The many different viruses that cause viral hemorrhagic fever (VHF) can result in a variety of clinical presentations. Early disease or mild infection can be nonspecific and potentially confused with respiratory viruses, hepatitis, gastroenteritis, primary human immunodeficiency virus, malaria, sleeping sickness, bacterial sepsis, or other infections. A variety of types of rash may be seen. In Lassa fever, the pharynx may be erythematous or exudative. Bleeding may not be overt and may be delayed; however, more severe disease may be characterized by bleeding, capillary leak, or shock. Laboratory findings may be variable but are often suggestive of disseminated intravascular coagulopathy.

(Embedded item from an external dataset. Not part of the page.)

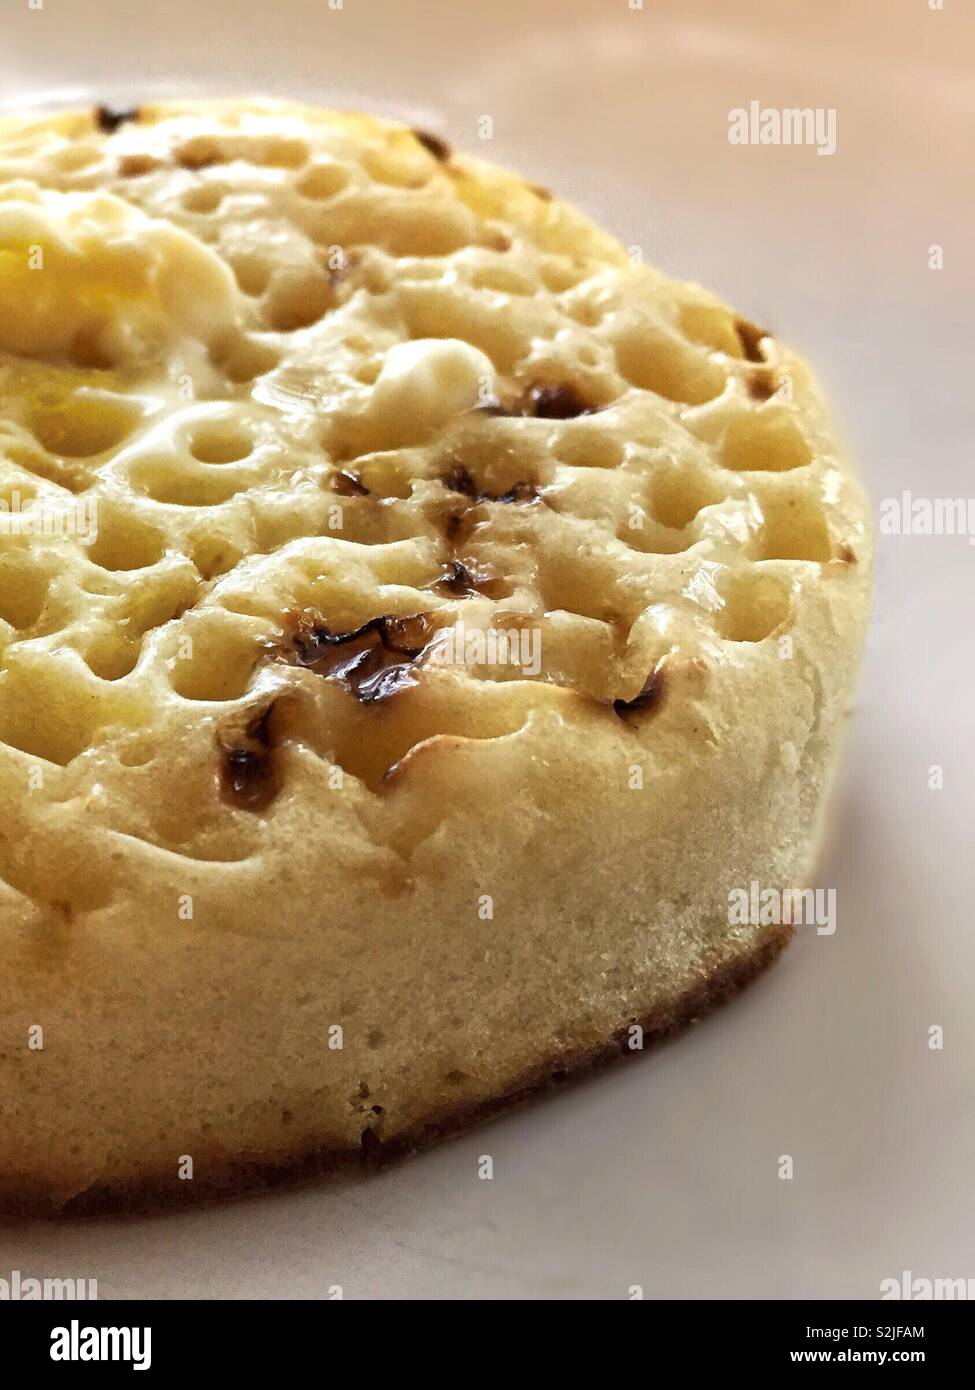 Crumpet for breakfast nice and hot and buttery.  Perfect filling start to the day toasted or grilled.  Crisp and soft pillowy bread based food Stock Photo

In severe disease, there may be pronounced electrolyte and acid-base disturbances.
A high level of clinical suspicion for VHF in individuals who may have been exposed to reservoirs or vectors of infection is required. Confirmation of infection generally requires detection of viral antigen or RNA. These tests are performed in specialized laboratories; commercial kits for diagnosis are not currently available. Serology may be useful in the convalescent phase of illness. It is important to exclude other causes of infection.